Inside the callback, we’ll first save the event.request
to a variable to make it easier to work with. Then, we’ll check the request.headers
to see if the file type is text/html
. Because they only work in modern browser, service workers can use modern JS methods like String.includes()
without polyfills or transpiling.
// listen for requests
addEventListener('fetch', function (event) {
// Get the request
var request = event.request;
// HTML files
// Network-first
if (request.headers.get('Accept').includes('text/html')) {
// It's an HTML file. Do something...
}
});
If it’s an HTML file, we want to first try to get the actual file that was request.
We’ll use the fetch()
method to pass along the request
, and if it’s successful, we’ll return it as-is.
If there was an error, though, we’ll use the caches.match()
method to try to find the offline.html
file in our cached files, and return
that instead.
// listen for requests
addEventListener('fetch', function (event) {
// Get the request
var request = event.request;
// HTML files
// Network-first
if (request.headers.get('Accept').includes('text/html')) {
event.respondWith(
fetch(request).then(function (response) {
return response;
}).catch(function (error) {
return caches.match('offline.html');
})
);
}
});
The caches.match()
method is extra awesome because you don’t even have to specific the ID of the cache (in this case, core
).
It automatically looks in all caches, and if it finds a match, returns it.
A demo
You can see this in action here.
Visit the page, then leave. Turn off your wifi connection, then jump back to the site to get the offline page.
You can dig into the source code on GitHub.
A bug fix
When I first deployed my service worker, I ran into a bug in Chrome that was sometimes throwing errors in the console.

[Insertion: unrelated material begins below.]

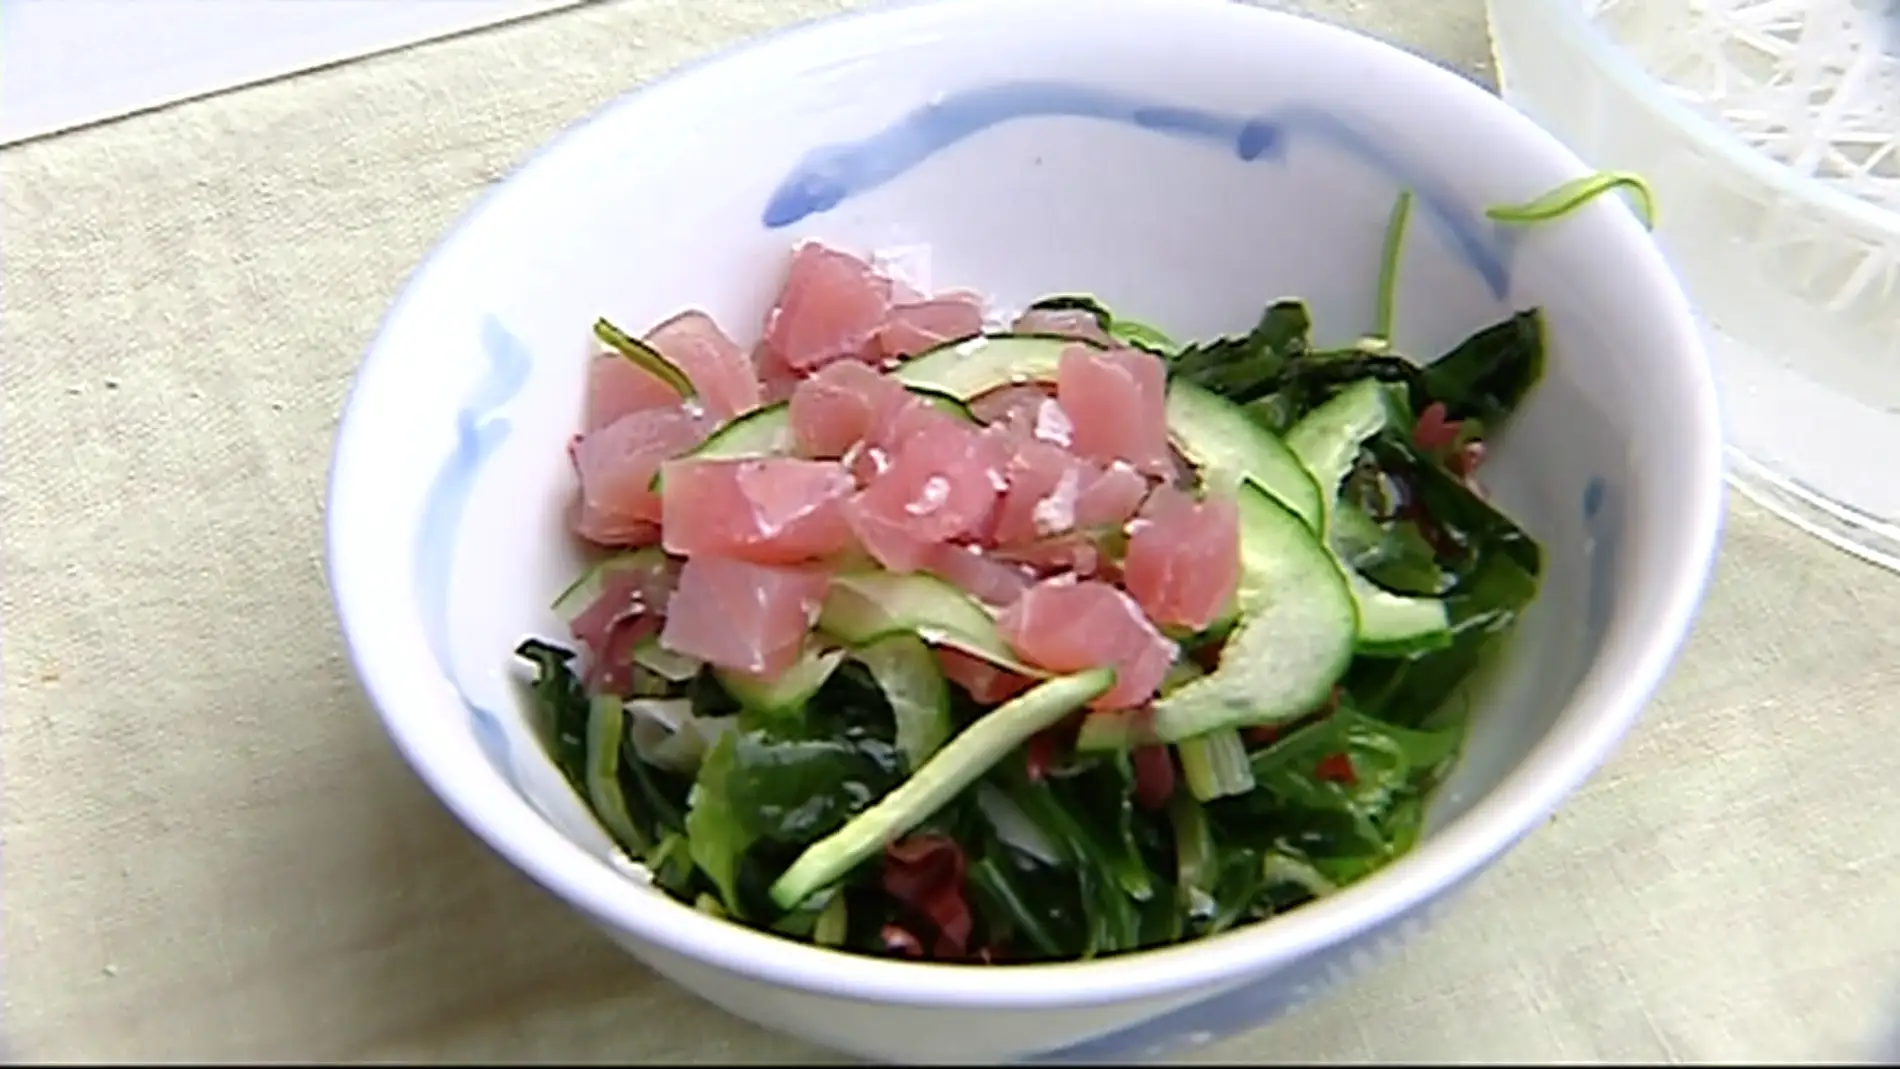 Ensalada de algas con un toque de atún: el plato ideal para este verano

I found a solution on StackOverflow that checks for a few things first and seems to prevent the error from happening.
// listen for requests
addEventListener('fetch', function (event) {
// Get the request
var request = event.request;
// Bug fix
// https://stackoverflow.com/a/49719964
if (event.request.cache === 'only-if-cached' && event.request.mode !== 'same-origin') return;
// HTML files
// Network-first
if (request.headers.get('Accept').includes('text/html')) {
event.respondWith(
fetch(request).then(function (response) {
return response;
}).catch(function (error) {
return caches.match('offline.html');
})
);
}
});
Browser support
Service workers work in all modern browsers, but have no IE support.
There’s no polyfill, either. Treat this as a progressive enhancement.